Short Problem Definition:


Happy Ladybugs is a board game having the following properties:

  • A ladybug is happy only when it’s left or right adjacent cell (i.e., ) b[i+/-1] is occupied by another ladybug having the same color.
Link

Happy Ladybugs

Complexity:

time complexity is O(N)

space complexity is O(1)

Execution:

This challenge definition does not require a full sort. It only wants to know whether the array is sortable. Therefore we will assume that if there is at least one free slot, the array is sortable by color.

Further we will assume that each ladybug wants to have at least one neighbor with the same color.
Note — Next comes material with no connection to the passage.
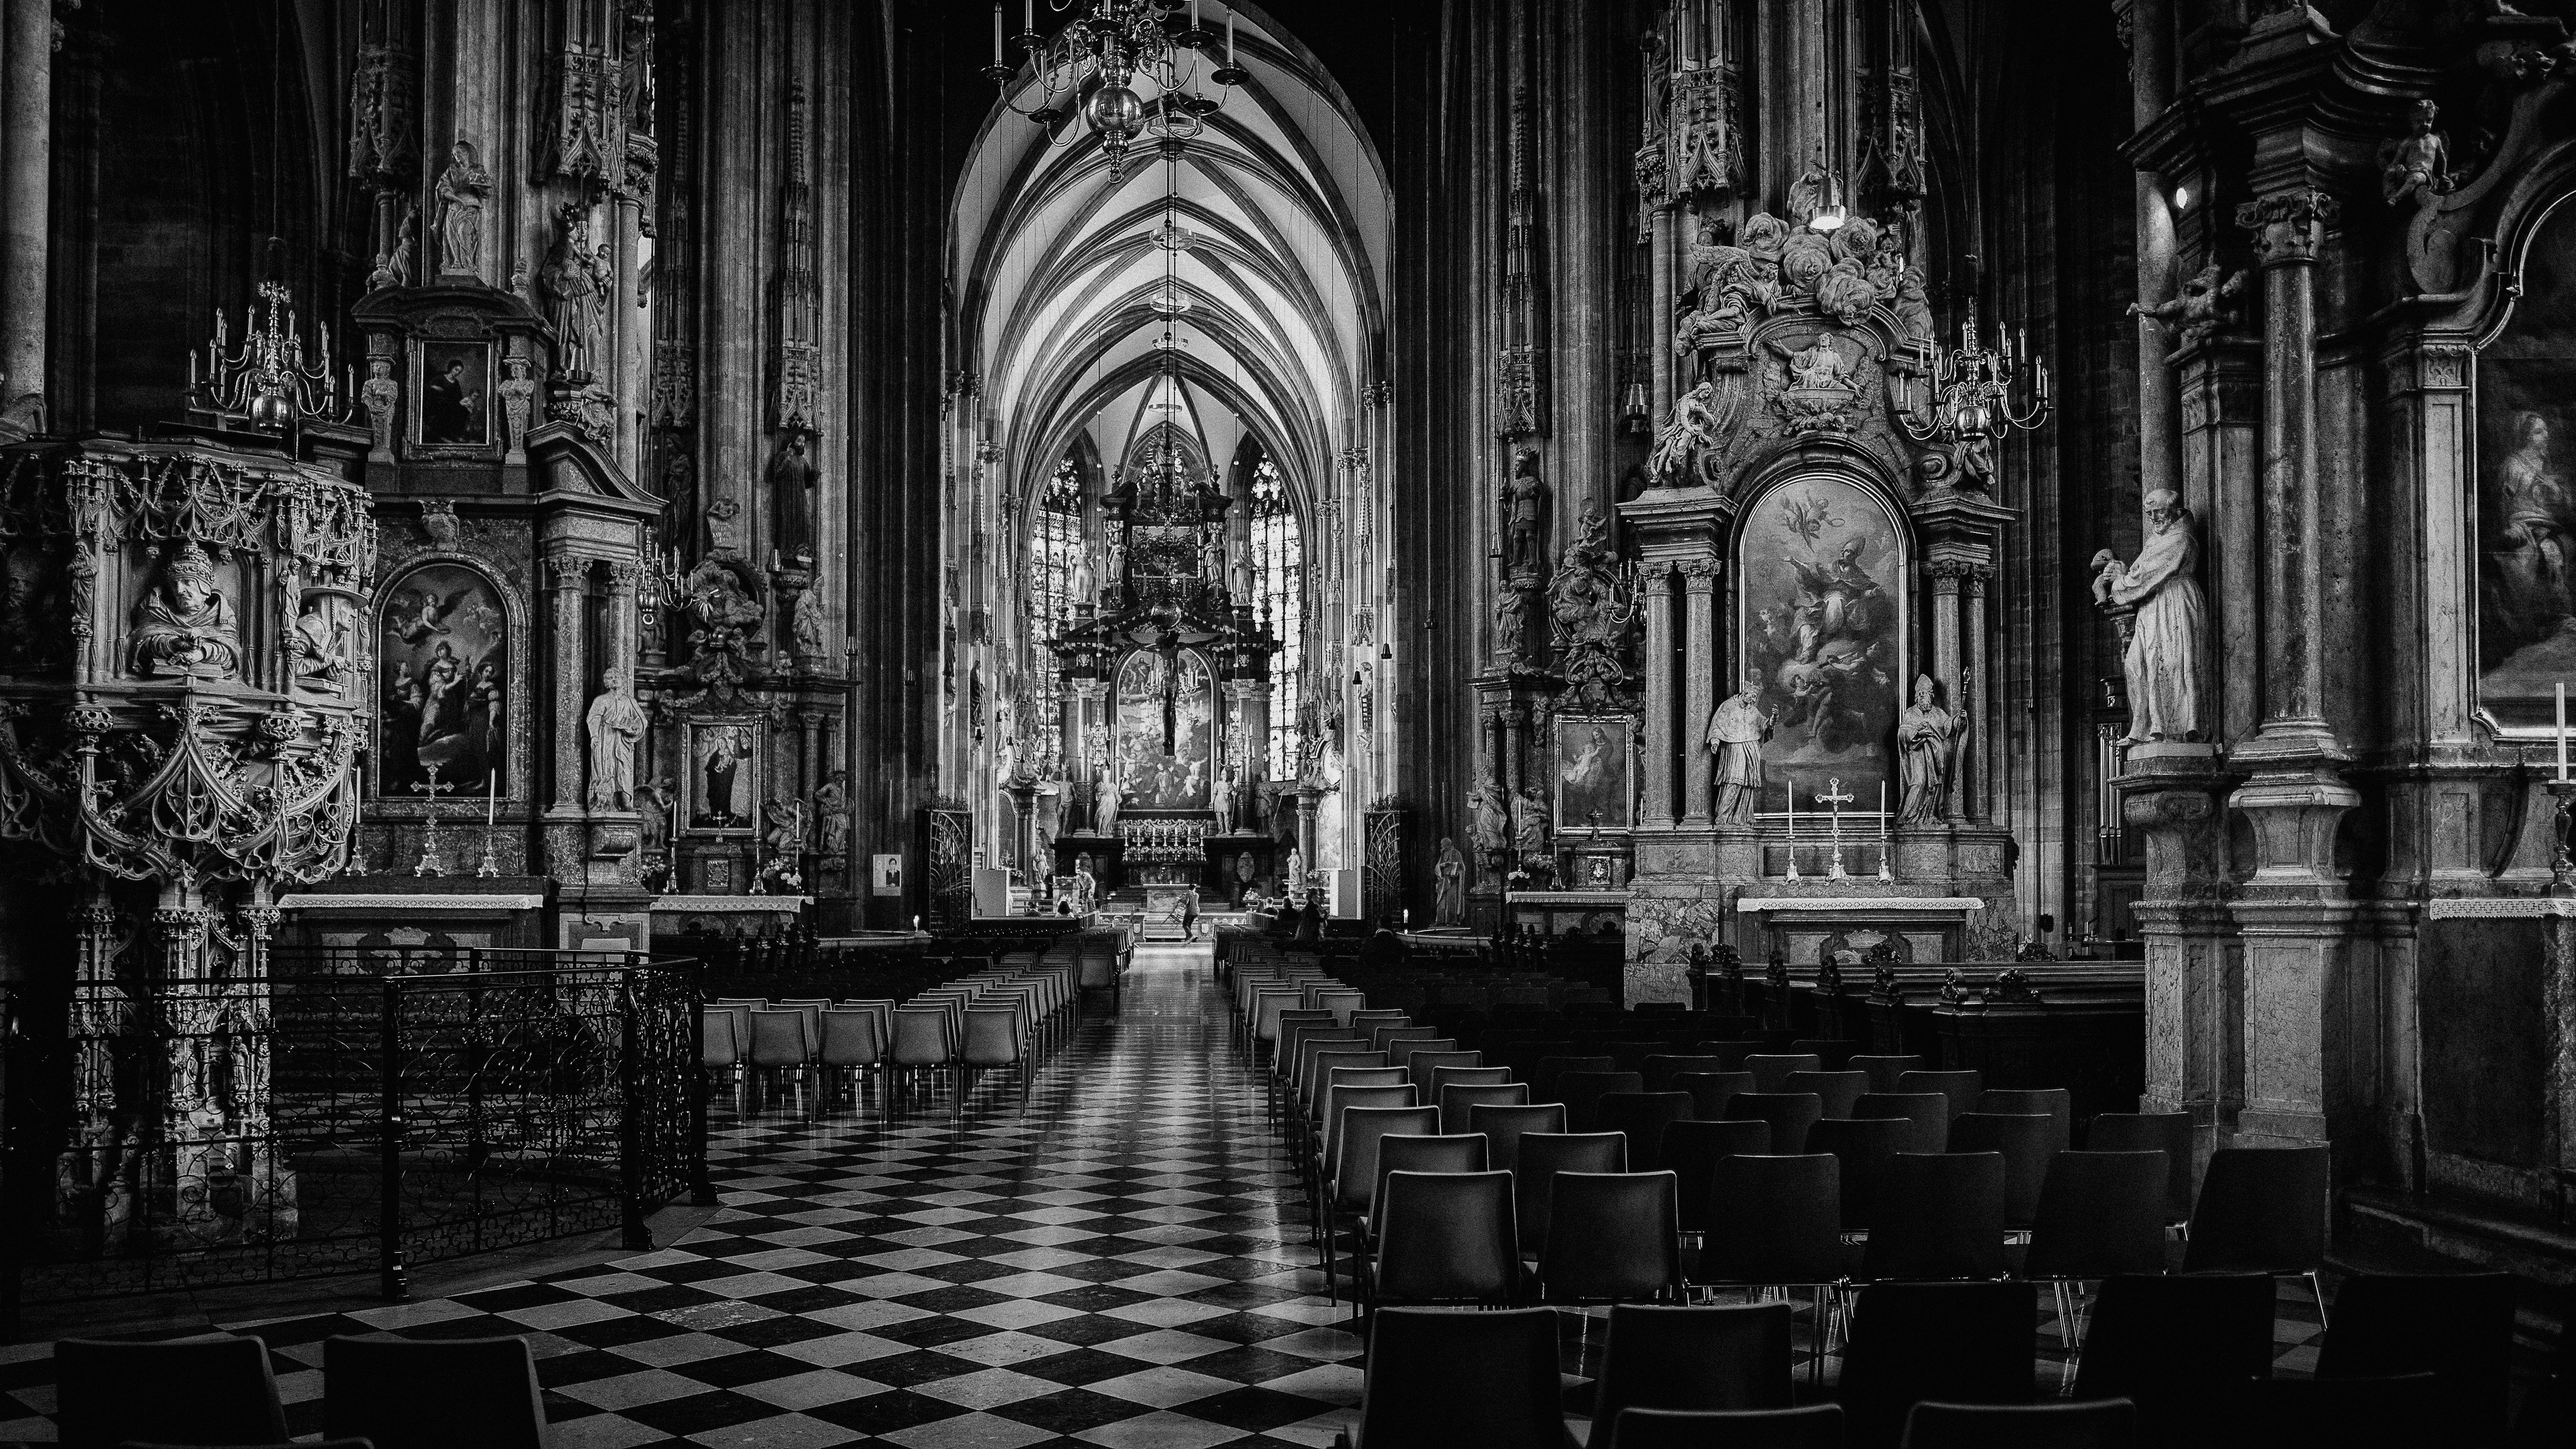 Interior Catedral San Esteban, Viena, Austria, Abril 2018

If there are two of the same color, the ladybug is happy.

If there is no empty space, the input array needs to be sorted correctly.

Solution:
#!/bin/python

import math
import os
import random
import re
import sys
from collections import Counter

# Complete the happyLadybugs function below.
def happyLadybugs(b):
    counter = Counter(b)
    for key, value in counter.items():
        if key != "_" and value == 1:
            return "NO"
    
    if "_" in b:
        return "YES"

    for idx in xrange(1, len(b)):
        if b[idx] == b[idx-1] or b[idx] == b[idx+1]:
            continue
        else:
            return "NO"
        
    return "YES"
    
if __name__ == '__main__':
    fptr = open(os.environ['OUTPUT_PATH'], 'w')

    g = int(raw_input())

    for g_itr in xrange(g):
        n = int(raw_input())

        b = raw_input()

        result = happyLadybugs(b)

        fptr.write(result + '\n')

    fptr.close()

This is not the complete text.